Kalau saja cincin satu lagi tersemat di jariku…
"Tapi aku hanya memilikimu. Coba jelaskan arti diriku, Draco. Akhir-akhir ini, aku merasa kau milikku, seperti milikku tapi tidak. Seperti aku milikmu tapi tidak. Draco, apakah hubungan kita? Aku bingung. Aku merasa kita pasangan, seperti pasangan tapi tidak. Setiap kali aku melihatmu, kau terlihat samar. Dan akhir-akhir ini setelah disadarkan oleh berita pertunanganmu di Daily Prophet dan juga dari dirimu langsung, aku benci menerima kenyataan kalau kita memang tak memiliki hubungan apapun."

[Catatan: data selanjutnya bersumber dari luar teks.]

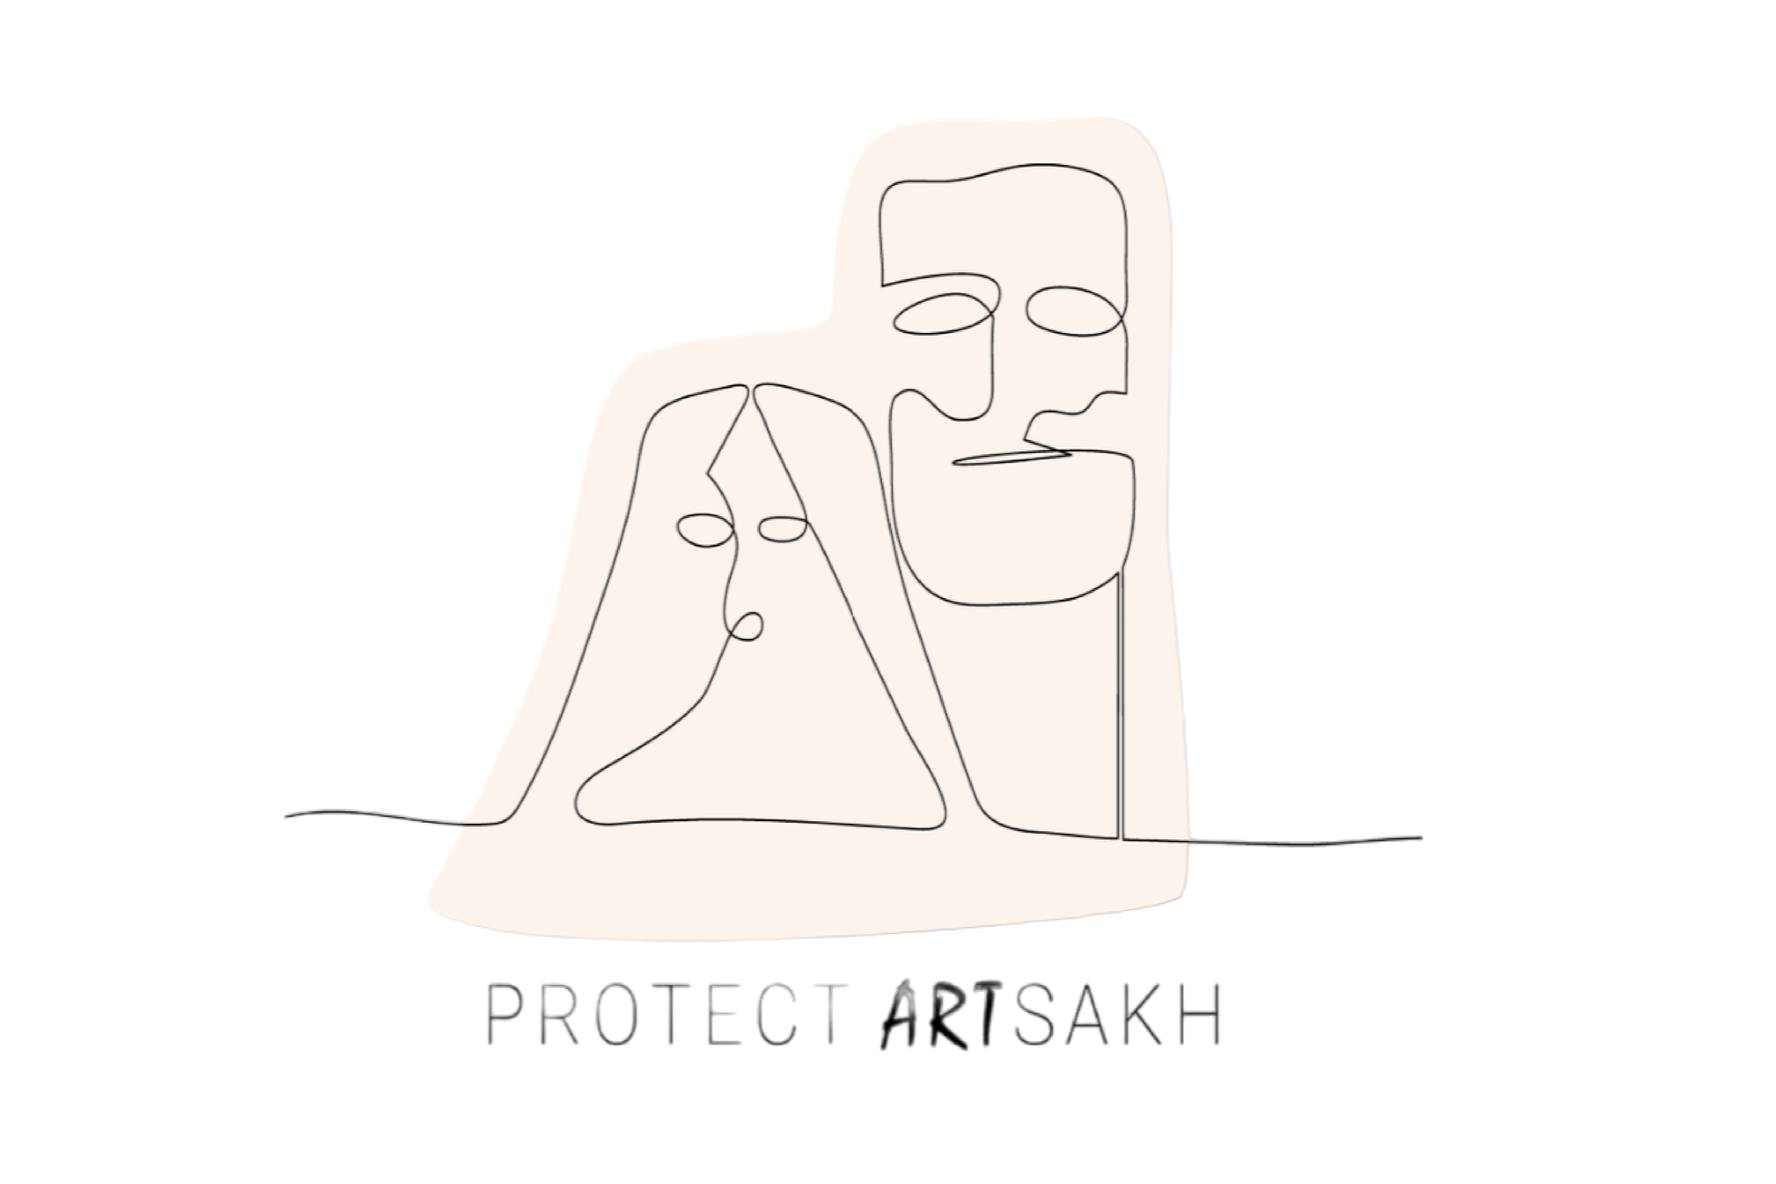 PROTECT ARTSAKH

"Tapi aku sudah mengatakan padamu kalau aku mencintaimu, Hermione…"
"Kalau kau mencintaiku kenapa kau bertingkah seperti ini?! Memberikan ku janji, membuatku berharap, dan pada akhirnya kau jugalah yang menghancurkan semua janji dan harapan-harapan itu, Draco!" Kali ini aku sudah tak dapat mengontrol emosiku lagi. Ini sangat menyesakkan. Ia benar-benar membuat seolah-olah semua ini adalah salahku dengan sikap diamnya itu. "Seharusnya kau memberikanku kepastian… kepastian mengenai hubungan kita sehingga aku bisa menjawab 'YA' ketika kau bertanya apakah aku cemburu atau tidak, kepastian mengenai hubungan kita sehingga aku tak perlu merasa khawatir kau akan direbut wanita lain karena kau sudah menjadi milikku, dan kepastian mengenai hubungan kita sehingga aku tak harus berlari ketakuan ketika Ayahmu mendapati kita sedang berkencan!"
"Tapi aku tak bisa melakukannya!"
"Kenapa?! Kenapa kau tak bisa melakukannya? Apa karena kau malu telah tidur dengan seorang Darah Lumpur?! Apa kau takut Ayahmu meng-crucio mu karena anak semata wayangnya merusak kemurnian darah kalian?!"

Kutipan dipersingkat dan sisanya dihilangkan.